Ester-free thiol-ene dental restoratives--Part A: Resin development

Abstract

Objectives: To detail the development of ester-free thiol-ene dental resins with enhanced mechanical performance, limited potential for water uptake/leachables/degradation and low polymerization shrinkage stress.

Methods: Thiol-terminated oligomers were prepared via a thiol-Michael reaction and a bulky tetra-allyl monomer containing urethane linkages was synthesized. The experimental oligomers and/or monomers were photopolymerized using visible light activation. Several thiol-ene formulations were investigated and their performance ranked by comparisons of the thermo-mechanical properties, polymerization shrinkage stress, water sorption/solubility, and reactivity with respect to a control comprising a conventional BisGMA/TEGDMA dental resin.
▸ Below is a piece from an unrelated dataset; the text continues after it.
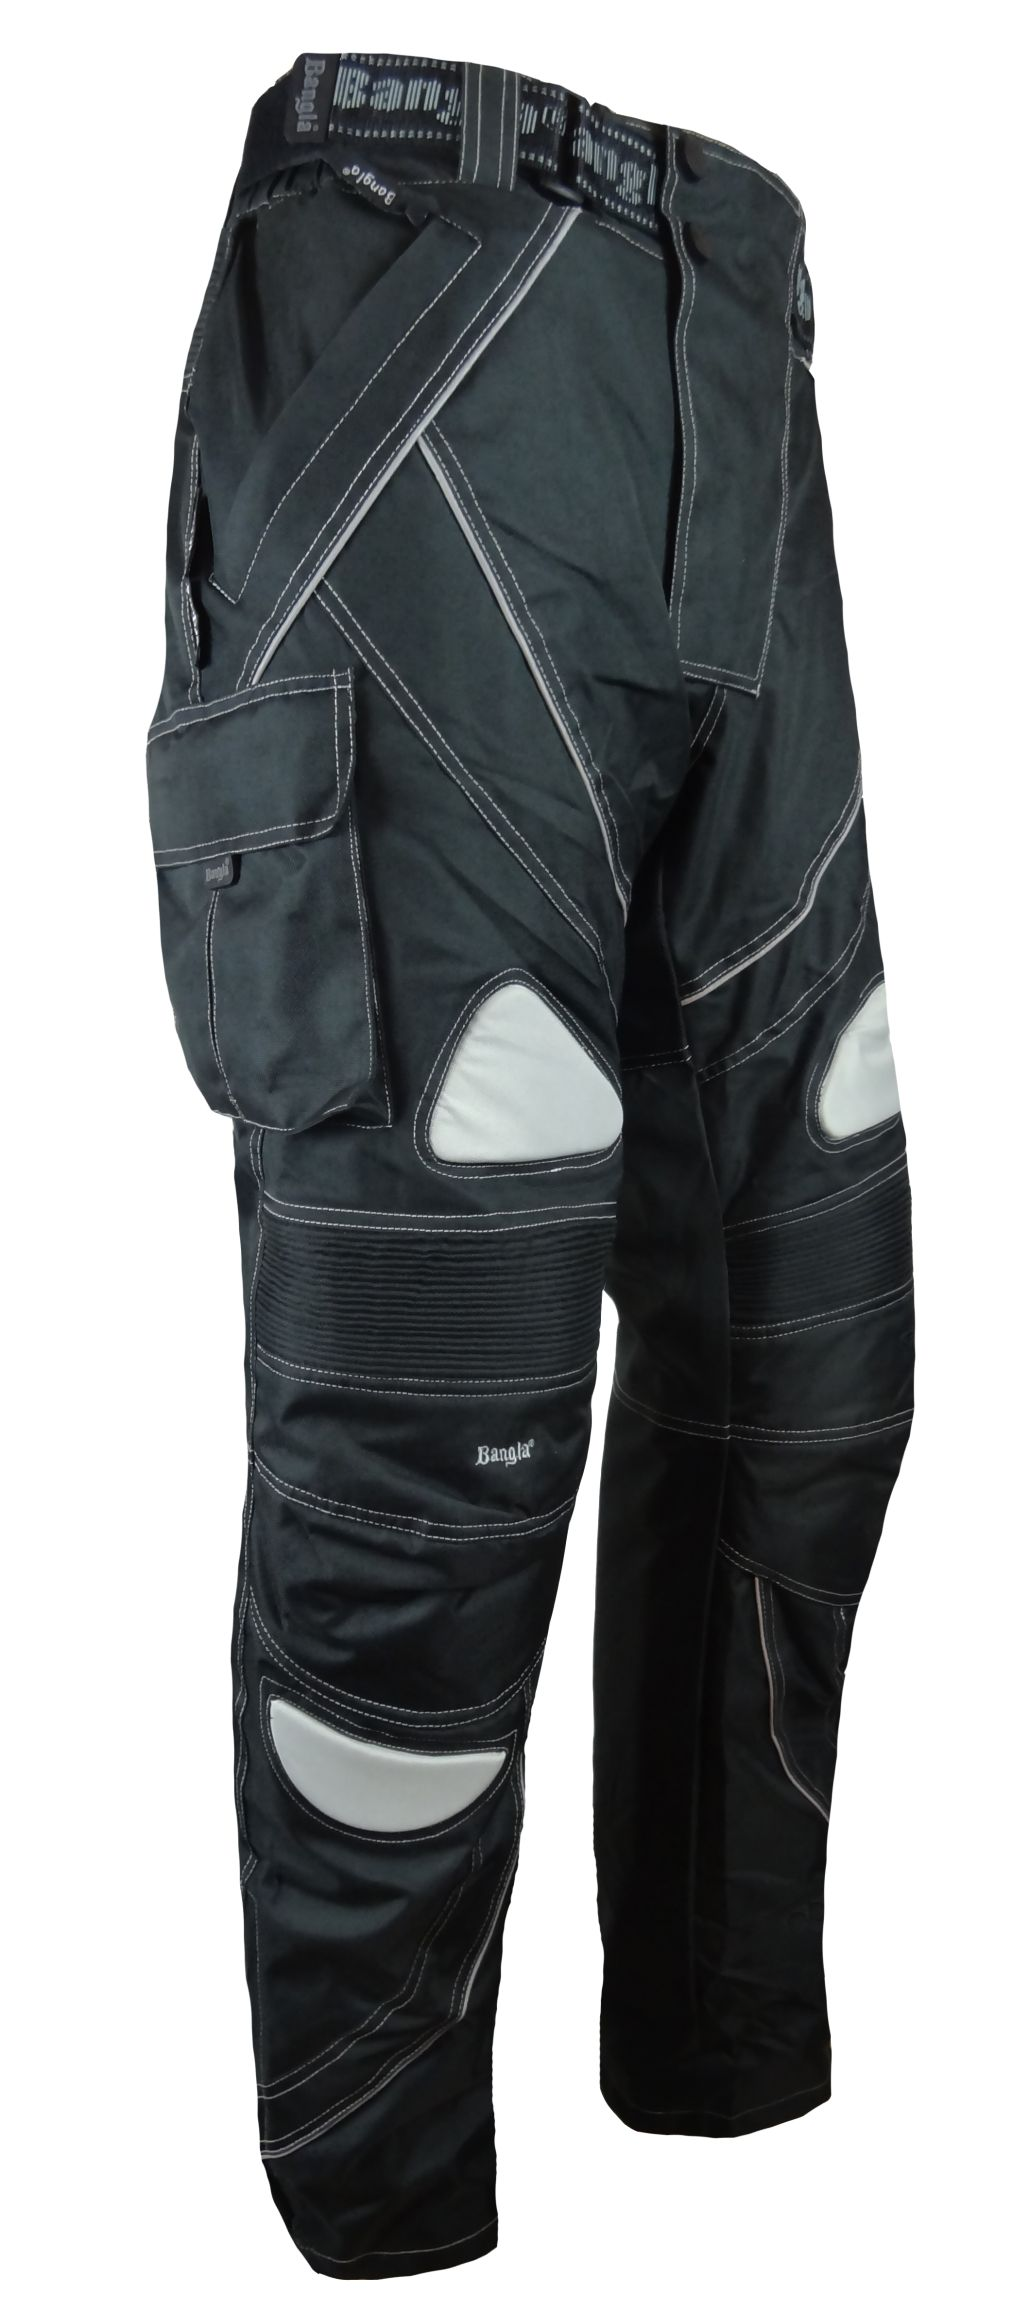 Bangla Winter Motorradhose Cordura Schwarz mit Fleece Motorrad S - 6 XL

Results: The ester-free thiol-ene formulations had significantly lower viscosities, water sorption and solubility than the BisGMA/TEGDMA control. Depending on the resin, the limiting functional conversions were equivalent to or greater than that of BisGMA/TEGDMA. At comparable conversions, lower shrinkage stress values were achieved by the thiol-ene systems. The polymerization shrinkage stress was dramatically reduced when the tetra-allyl monomer was used as the ene in ester-free thiol-ene mixtures. Although exhibiting lower Young's modulus, flexural strength, and glass transition temperatures, the toughness values associated with thiol-ene resins were greater than that of the BisGMA/TEGDMA control. In addition, the thiol-ene polymerization resulted in highly uniform polymer networks as indicated by the narrow tan delta peak widths.

Significance: Employing the developed thiol-ene resins in dental composites will reduce shrinkage stress and moisture absorption and form tougher materials. Furthermore, their low viscosities are expected to enable higher loadings of functionalized micro/nano-scale filler particles relevant for practical dental systems.

Keywords: Dental resin; Photopolymerization; Shrinkage stress; Thiol–ene.